11. Learned Counsel for the appellants could not show any authority to the contrary.
12. In view of the aforesaid provisions, the preliminary objection raised on behalf of the claimant deserves to be accepted and this special appeal being not maintainable deserves to be dismissed on this ground alone.
13. This apart, there does not appear to be any pith and substance in the submission of the learned Counsel for the appellants that the sole Arbitrator has not considered the counter claim and the learned District & Sessions Judge, Jaipur City, Jaipur as well as the learned Single Judge have also not adverted to this aspect of the matter.
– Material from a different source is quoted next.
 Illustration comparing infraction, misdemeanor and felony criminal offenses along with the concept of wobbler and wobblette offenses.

14. A bare perusal of the award dated 26.4.1998 as well as the order dated 17.3.2001 of the learned District & Sessions Judge as upheld by the learned Single Judge vide order dated December 4, 2001 makes it plain that the sole Arbitrator has after a thorough analysis of the agreement between the parties and the meticulous and detailed examination of the materials on record touching the claim and counter claim passed the award which has been made rule of the court.
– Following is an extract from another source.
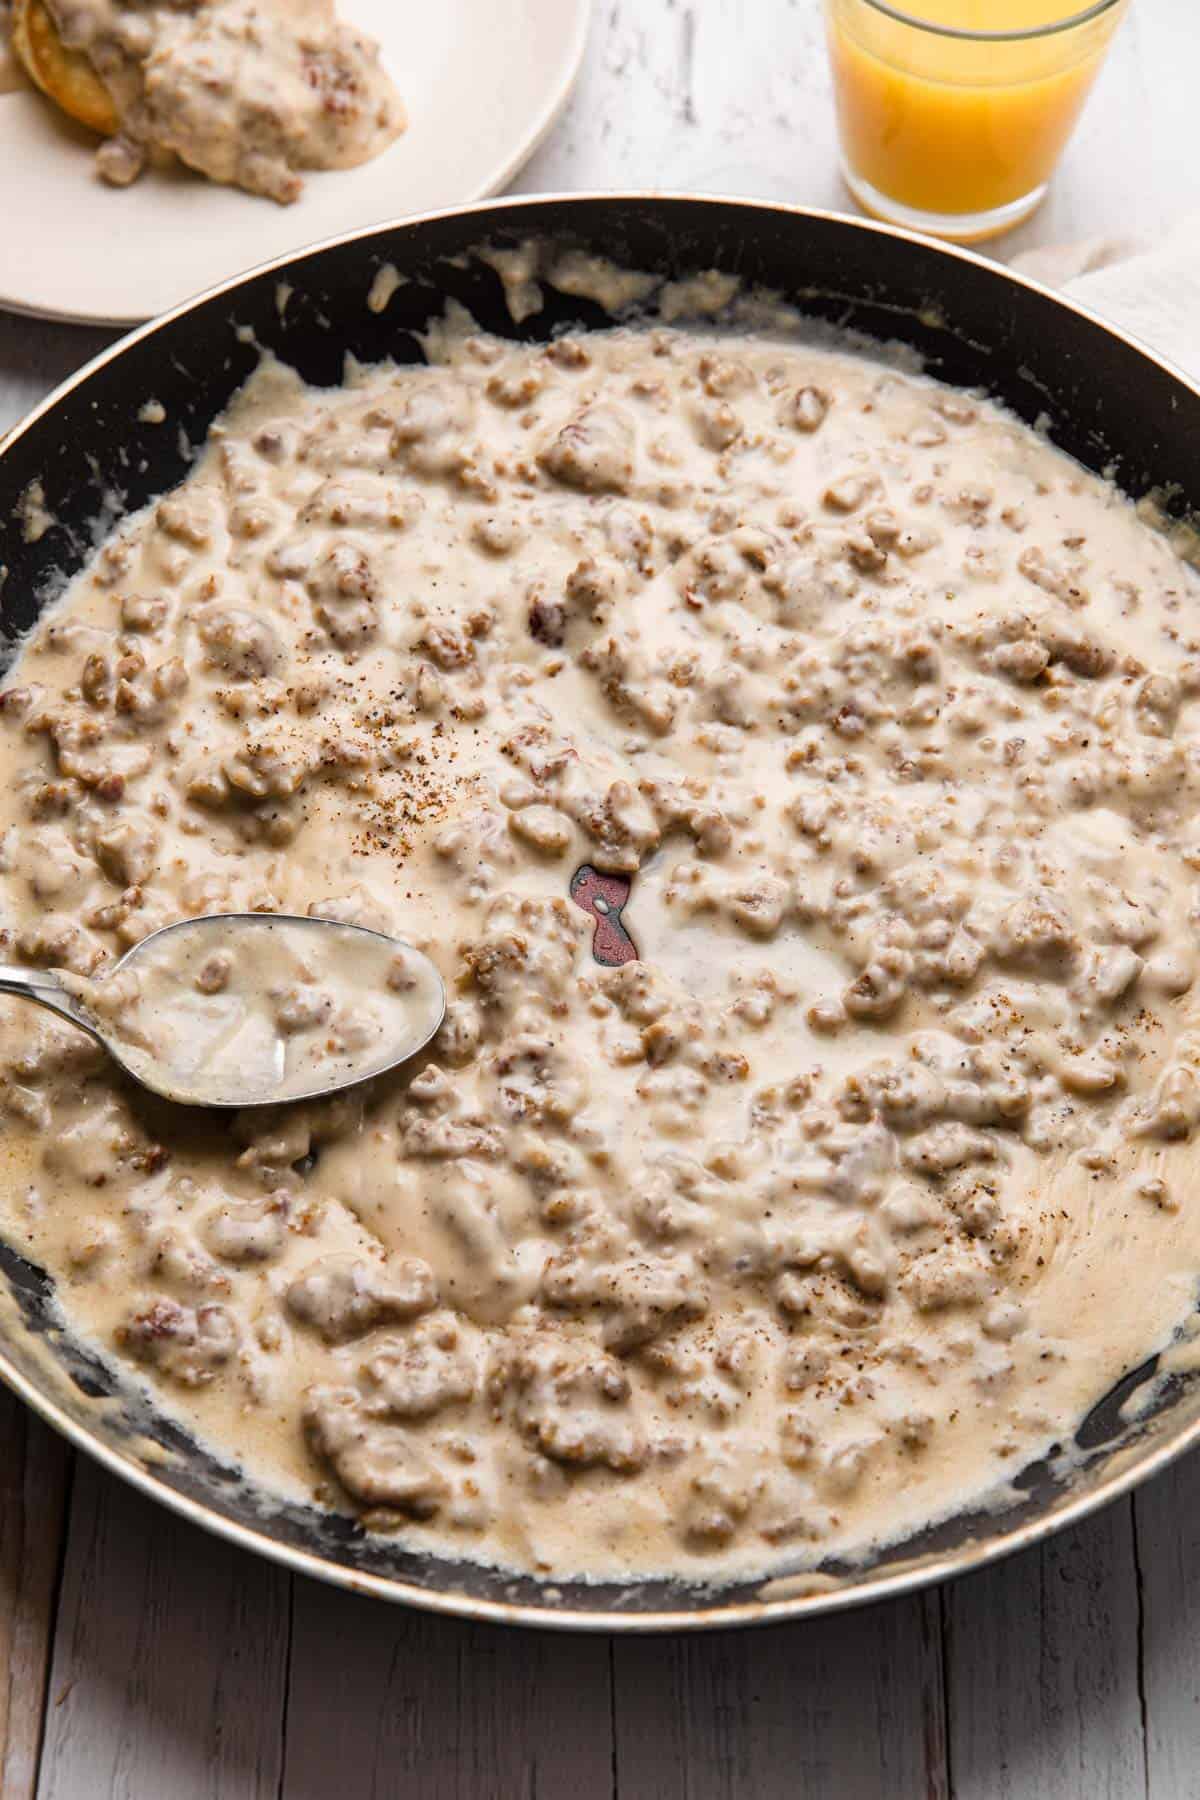 the completed sausage gravy ready to serve

15. Indeed, the success or failure of the claim and the counter claim in the instant case was dependent on the outcome of the core issues namely; whether there was delay of 52 weeks in the publication and whether the number of yellow pages in the directory exceeded the permissible limit. Both these issues have been duly considered and in our well considered view have been rightly found against the non-claimants-appellants and in favour of the claimant-respondent.
16. The order of the learned Single Judge therefore, calls for no interference even on merits.
17. Consequently, this special appeal is dismissed without any order as to costs.